3 Replies Latest reply: Mar 28, 2013 1:33 PM by Cortanamo RSS

    Y/N flags.  Junk dimension or attributes on the fact table?

    997611
      Hi folks. I know this is not a OWB question. Its more of a general DW design question but I believe that a key design decision is performance using your tool and our tool is Oracle DW and Cognos for reporting...So here it goes.

      I have about 40 Y/N flags attributes that I need in my current DW subject area. These flags come in three groups - client type flags, case type flags and outcome type flags.

      Solution 1:
      Based on my modelling background I default to putting these type of flags into a junk dimension which is really a dimension with all distinct combinations of Y/N for a set of indicators. If you had 10 Y/N flags there would be 2**10 or 1024 combinations/rows in you dimension table. That's a nice small dimension to link to my fact table. The advantages of a junk dim is that its easy to extend and you can group flags together. Its also a small table to query for BI tools lookups (ie much smaller than the fact table!) that are populated by querying the domain of an attribute ( though this is only an advantage if it "really" improves performance).

      Solution 2:
      Leave these Y/N flags on the fact table and bitmap index them. The advantage with this design is that you dont have to join to a dimension table to get at your flags.

      Test:
      I tested out solution 1 versus solution 2 on a 10 million row fact table. I had two tables for the test. MyFact_F which has an FK to MyDim_D called junk_sid. MyFact_F has 10 Y/N attributes -> attribute_1 through attribute_10. MyDim_D also has 10 attributes, attribute_1 to attribute_10.
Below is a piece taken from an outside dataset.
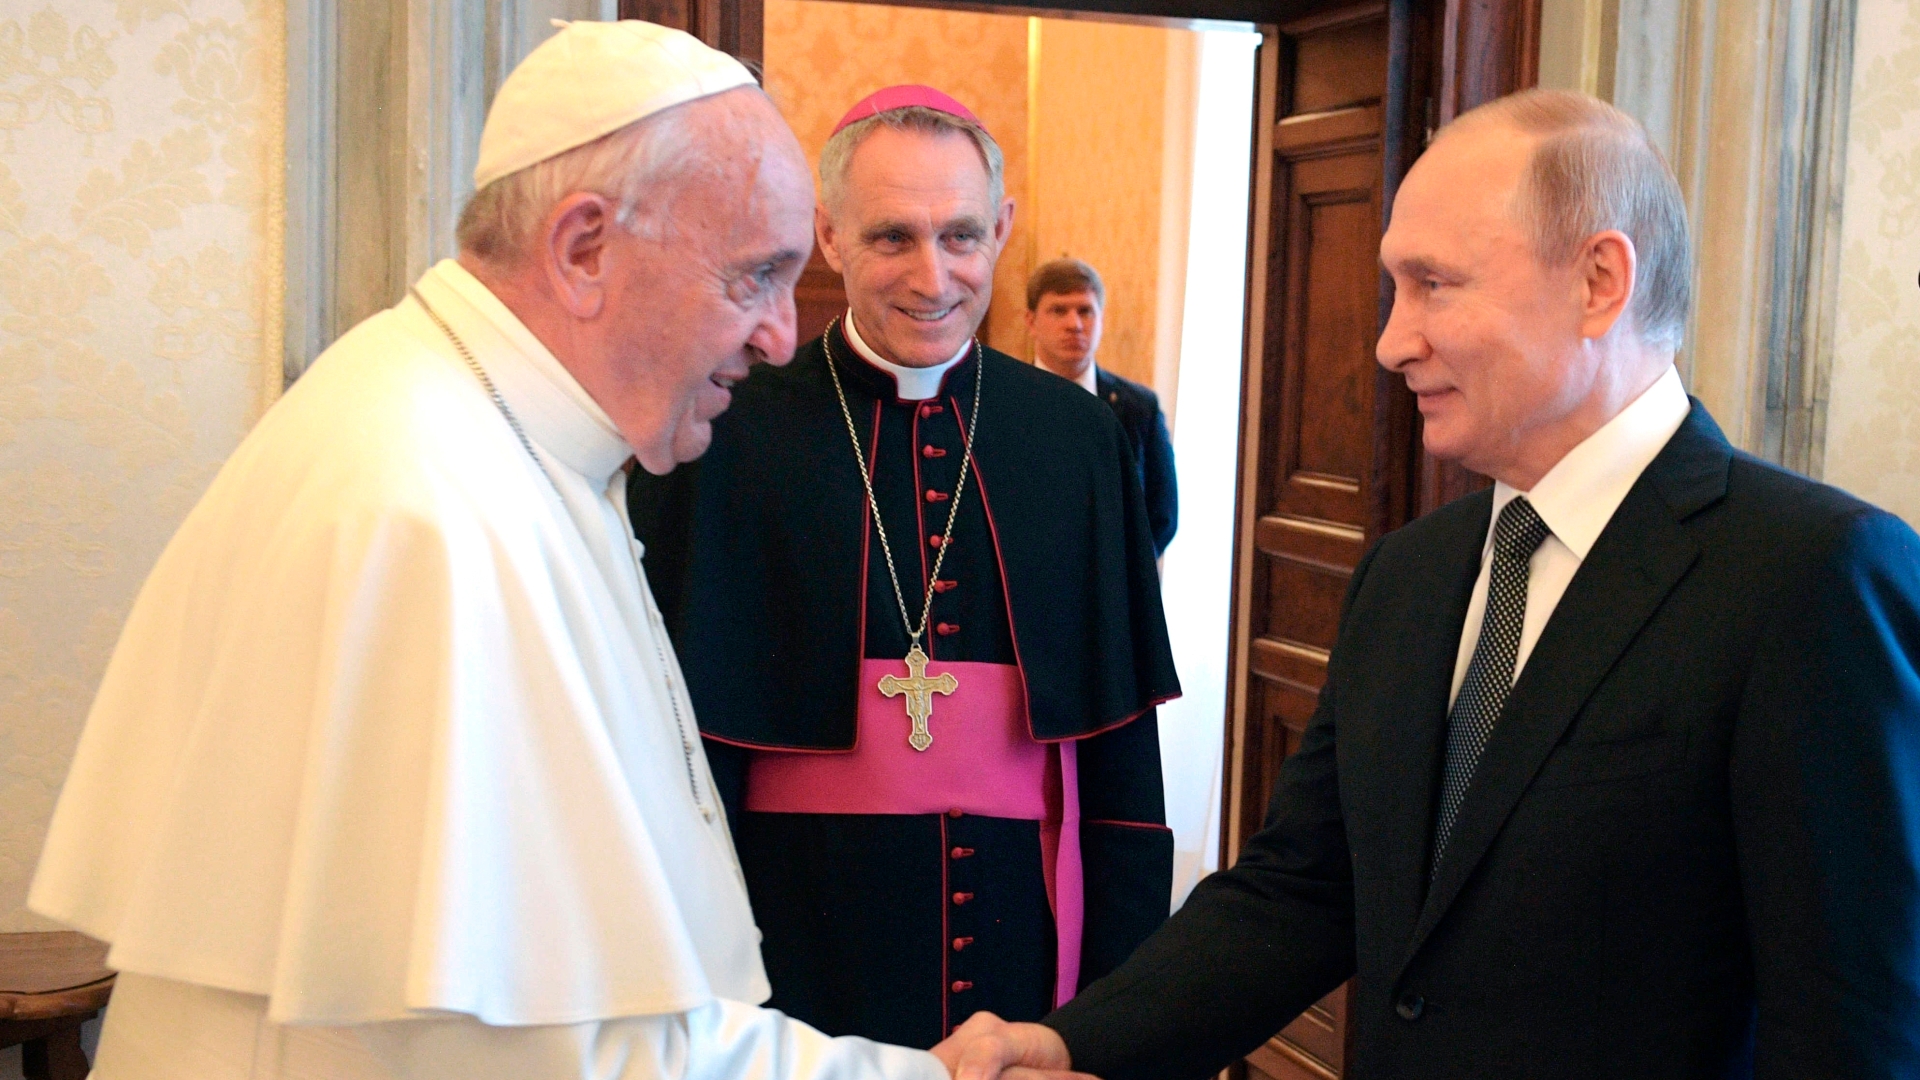 modbydeligt eksperimentel butiksindehaveren Putin meets with Pope Francis in shadow of Ukraine crisis - The Washington  Post

      For solution 1, I got better performance with a bitmap index on the junk_sid dimension primary key and also bitmap indexes on the Y/N flags in the dimension. For solution 2 (attributes on fact), i just bitmap indexed the Y/F flags right there on the fact. On a 10 million row fact table, solution 2 is alot faster. Again, my training and past experience suggest that a better design is using a junk dimension but when performance is alot better using attributes on the fact table, i really makes me question which solution is "better". Any thoughts would be appreciated!
        • 1. Re: Y/N flags.  Junk dimension or attributes on the fact table?
          Cortanamo
          It's interesting to hear about your original "junk" dimension approach. I'd call it normalization, as you save storage space by referencing which row in the "junk" dimension fits which row in the fact, but it'll cost you a lookup from fact to the junk dimension EVERY time you acccess a row in the fact. This can't be good for performance.

          I'd call these Y/N columns in fact degenerate dimensions and leave them in the fact as char(1). The tablespace cost will not be significant, but you'll get better performance than using a junk dimension.

          Another potential problem is: what happens if some of your dimensions are not only Y/N but something like Y/N/null/unknown/not yet defined/TBD/won't say/probably not/maybe Y/... You can still model this, but it would skyrocket the size of your junk dimension. Junk is not really a dimension but a collective of multiple dimensions. Never did it, won't do it.
          • 2. Re: Y/N flags.  Junk dimension or attributes on the fact table?
            Kurt Geens
            I wouldn't go as far as calling the junk dimension approach 'original' - it was described already in the data warehouse toolkit book by Kimball more than a decade ago. The choice pro/contra is a personal one however, mostly centered around whether you want to keep multiple degenerate dimensions in your fact table (mostly implemented as a string with a recognisable keyword) or move these columns to a dimension and keep only 1 column in the fact table - in essence, one weighs the extra space consumption of the fact table against the performance loss of using an extra join. This choice has nothing to do with normalization however, otherwise one could argue the same for all other dimensions - keep them, attributes and all, in the fact table!

            I have recently found myself in the position that I had to convert a fact table from using DD's (amongst other things, an indicator sales/retour) to a junk dimension, because OBIEE didn't handle the DD correctly. Perhaps I didn't use the right approach though, but defining a logical dimension and a logical fact both using the same physical source table messed up the results of my queries, regardless of using the dimension in the report. Once I converted to using a junk dimension that issue dissapeared and the query results were corrected. However, having said that, I do definately prefer the DD approach (due to performance benefits), and keep junk dimensions in mind as a fallback plan.
            • 3. Re: Y/N flags.  Junk dimension or attributes on the fact table?
              Cortanamo
              It's not classical normalization but this junk dimension approach is very similar to normalization: you replace the data with a relation to another table where only unique values are stored. The difference is that you didn't store contents from only one column but from several columns combined together.